Poster No:
149
Submission Type:
Abstract Submission
Authors:
Yanling Fu1, Qi Zhu1, Wei Shao1, Wan Peng2, Jiashuang Huang3, Daoqiang Zhang1, Liang Sun1
Institutions:
1Nanjing University of Aeronautics and Astronautics, Nanjing, Jiangsu, 2Nanjing University of Aeronautics and Astronautics, Nanjing, China, 3Nantong University, Nantong, Jiangsu
First Author:
Yanling Fu
Nanjing University of Aeronautics and Astronautics
Nanjing, Jiangsu
Co-Author(s):
Qi Zhu
Nanjing University of Aeronautics and Astronautics
Nanjing, Jiangsu
Wei Shao
Nanjing University of Aeronautics and Astronautics
Nanjing, Jiangsu
Wan Peng
Nanjing University of Aeronautics and Astronautics
Nanjing, China
Daoqiang Zhang
Nanjing University of Aeronautics and Astronautics
Nanjing, Jiangsu
Liang Sun
Nanjing University of Aeronautics and Astronautics
Nanjing, Jiangsu
Introduction:
The anatomical structure changes in the regions of the brain are key for understanding brain diseases. However, it is difficult to find slight anatomical structural changes from whole brain images by voxel-level/patch-level deep learning methods. Meanwhile, the recent region-level deep learning methods usually employ multiple sub-networks to learn feature map in each brain region, which are difficult to implement. To address these issues, we propose an effective region-based transformer method for Alzheimer's disease (AD) diagnosis, named RegionFormer. RegionFormer consists of two components:1) a very simple region feature learning network to extract the feature map for each brain region from whole structure magnetic resonance imaging (sMRI), and 2) a transformer-based classifier to capture the dependencies of each brain region for Alzheimer's disease diagnosis.
Methods:
Region Feature Learning Network. Region feature learning network has two parts,i.e., an image feature learning module and a region-level feature learning module. We first employ the image feature learning module to learn the high-level contextual feature maps of input sMRI image. It's an encoder-decoder architecture, containing six 3D convolutional layers, two max-pooling layers and two 3D deconvolutional layers. Simultaneously, in the region-level feature learning module, the input sMRI image is segmented by a trained segmentation model to obtain 95 brain regions, denoted as L_I. Meanwhile, the output of image feature learning module is fed into a 1×1×1 convolutional layer with 95 channels (i.e., the number of brain regions), denoted as F_BR. Then, we extract region-level feature learning representation based on the label map L_I. Specifically, we first obtain a region-enhanced feature map A_r=(α∗one_hot(L_I)+β)⊗F_BR, where one_hot(•) is one-hot coding and ⊗ is element-wise multiplication. α and β are hyperparameters to adjust the features within and outside the corresponding brain region. Then, the feature map A_r is fed into two group convolutional layers to obtain region-level feature vectors. Finally, the sequence of region-level tokens is used as the input of a transformer-based classifier for Alzheimer's disease diagnosis.

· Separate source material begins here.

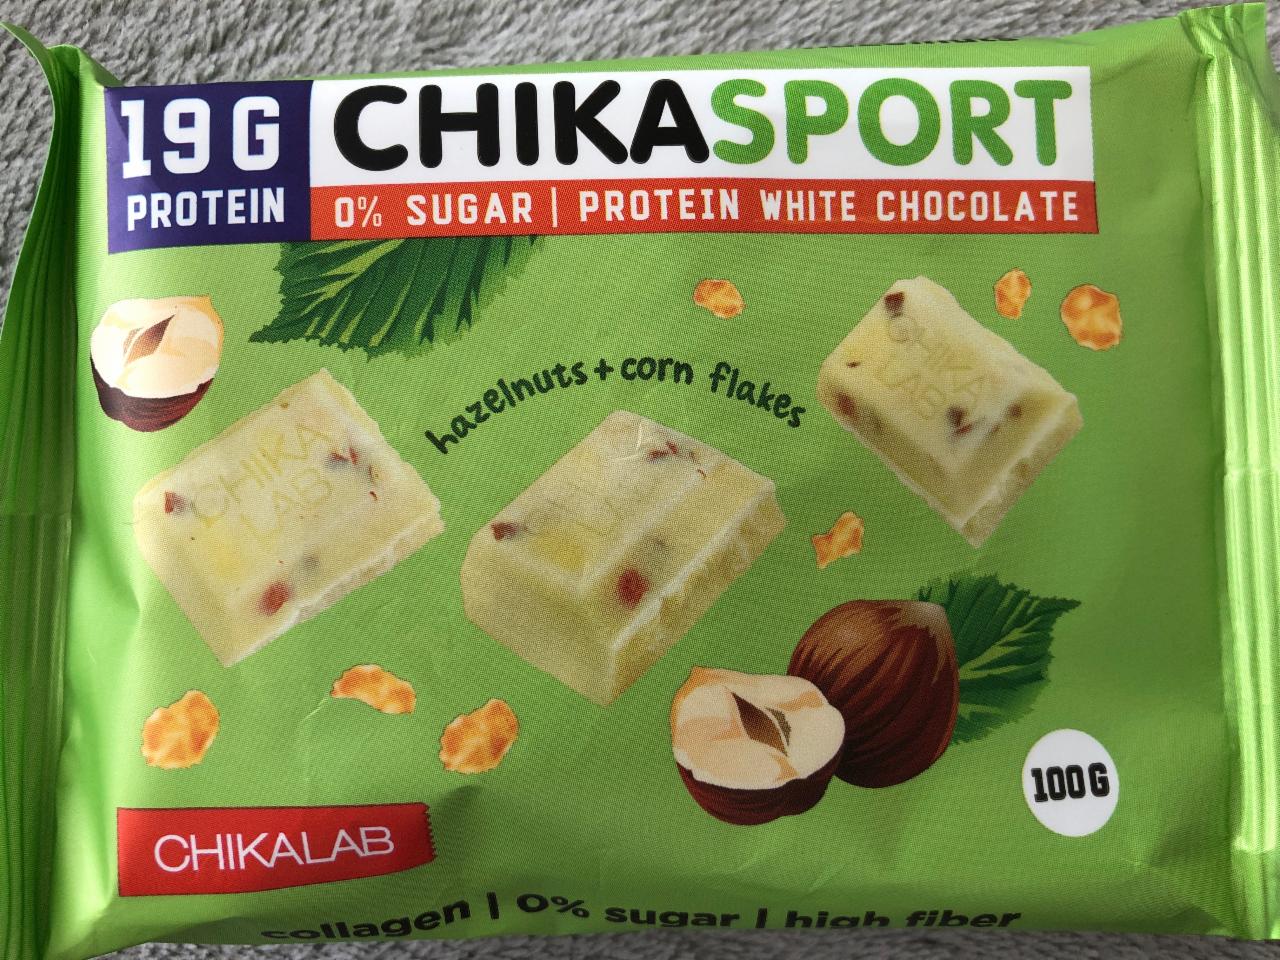 Fotografie - ChikaSport Protein White Chocolate & Hazelnut + corn flakes Chikalab

Transformer-based Classifier. In the transformer-based classifier, we stack four transformer encoders to process the region-level features. Similar to ViT, the transformer encoder consists of a multi-head attention (MSA) block and an MLP block. Finally, a softmax function is applied to normalize the outputs.
Results:
Our RegionFormer has been evaluated on the baseline sMRI scans of 1193 subjects on the ADNI dataset. The dataset contains 389 AD, 172 pMCI, 232 sMCI, and 400 NC subjects. The accuracy achieved by our RegionFormer in AD vs. NC, pMCI vs. sMCI, pMCI vs. NC, and sMCI vs. NC tasks are 0.983, 0.901, 0.956, and 0.932, which is superior to the state-of-the-art methods. Meanwhile, our RegionFormer finds the AD-related brain regions, which suggests RegionFormer has good pathology interpretability.
Conclusions:
The experimental results on ADNI datasets demonstrate that our RegionFormer achieves much better classification performance than several state-of-the-art methods, especially in the relatively challenging task of MCI conversion prediction and early AD diagnosis. Besides, our RegionFormer is easily implemented and extended with the state-of-the-art deep learning framework, segmentation methods, or different brain atlases.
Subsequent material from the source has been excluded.